A soil test can tell you whether you need to add more phosphorus, potassium and other nutrients.
Step Four: Calculate how Much Fertilizer to Use
More is not always better when it comes to fertilizing your fruit trees. Now that you know that your tree needs fertilizer, and have picked the perfect fertilizer to use, you’ll need to determine the correct amount to use on each tree.
For those of us who did not excel in math—fear not—we will walk you through the fertilizer calculations.
The amount of fertilizer you will use is calculated based on the age or size of the tree, and the nitrogen-value on the package.
Determining How Much Fertilizer to Use
- Trees need 0.10 pounds of “actual nitrogen” per year of age, or per inch of trunk diameter (measured 1 foot above the ground). The maximum you should give a fruit tree in a year is 1 pound of actual nitrogen.
- For example, if your tree has a diameter of 5 inches (or, if your tree is 5 years old), multiply 5 by 0.10 pounds of nitrogen, equals 0.5 lb. This means that the tree will need 0.5 lb of actual nitrogen.
- But wait, you’re not done yet! “Actual nitrogen” pounds is not the as simple as just weighing out that amount of fertilizer, because there is more in a fertilizer than just nitrogen.
- The NPK numbers on fertilizer show the percentage of nutrients per pound of fertilizer, not the actual amount. N, P and K refer to nitrogen, phosphorus, and potassium.
- For example, if the N listed on the fertilizer package is 7 (meaning 7% nitrogen), such as with E.B. Stone’s Fruit Tree fertilizer, then there is 0.07 pounds of actual nitrogen for every pound of fertilizer.
- To calculate how much fertilizer to apply, divide the amount of actual nitrogen the tree needs by the amount of actual nitrogen per pound in the fertilizer.
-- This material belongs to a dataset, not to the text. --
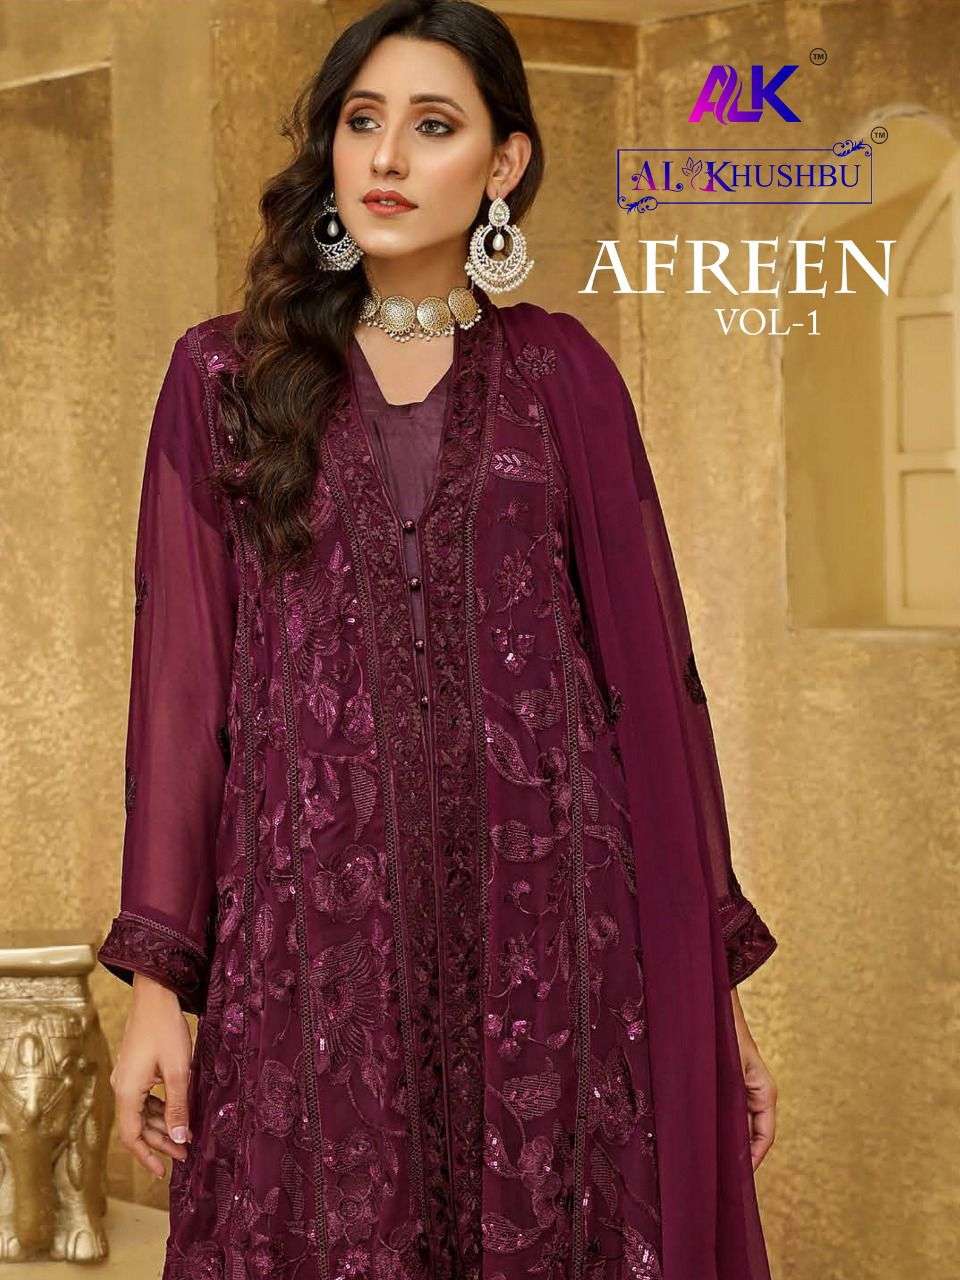 afreen vol 1 by al khushbu georgette pakistani suits

- So, using the previous examples, a five-year-old apple tree needs 0.5 lb of nitrogen. The E.B. Stone Fruit Tree Fertilizer has an N-value of 7 on the package, meaning it has 0.07 lb nitrogen per pound of fertilizer. Half a pound, or 0.5 lb, divided by 0.07 lb equals 7 lbs. The answer–7 pounds–is the amount of this fertilizer to apply to the tree.
Step Five: Applying the Fertilizer
To help the tree “eat” the fertilizer most efficiently, apply the fertilizer evenly starting a foot away from the trunk and continue all the way to the “drip line.” The drip line is the perimeter of the tree’s furthest reaching branches.
- The easiest way to do this is simply by spreading the fertilizer on the ground and raking it in.
- Digging a series of small holes is another method of applying fertilizer. It is a bit more work, but it best ensures the fertilizer is getting to the tree roots, especially when using a fertilizer containing less-soluble nutrients like phosphorus and mycorrhizae.
- Dig the holes six inches down and 12” to 18” apart, throughout the same area as you would have spread the fertilizer. To make the digging job easy you can use an auger attachment with a cordless drill. Sprinkle a little bit of fertilizer in each hole until it is used up.
- Once you have finished fertilizing, spread an inch-deep layer of compost around the tree and water well.
For more information on all aspects of fruit trees—selecting and planting a bare root, pruning, controlling pests, and even how to preserve your harvest—browse our videos and articles in Fruit Tree Central. Some staff-favorite books on fruit trees are The Home Orchard from UC Davis, along with The Fruit Grower's Bible.
Keep on living the dream with your organic orchard, now that you know when and how to fertilize your fruit trees.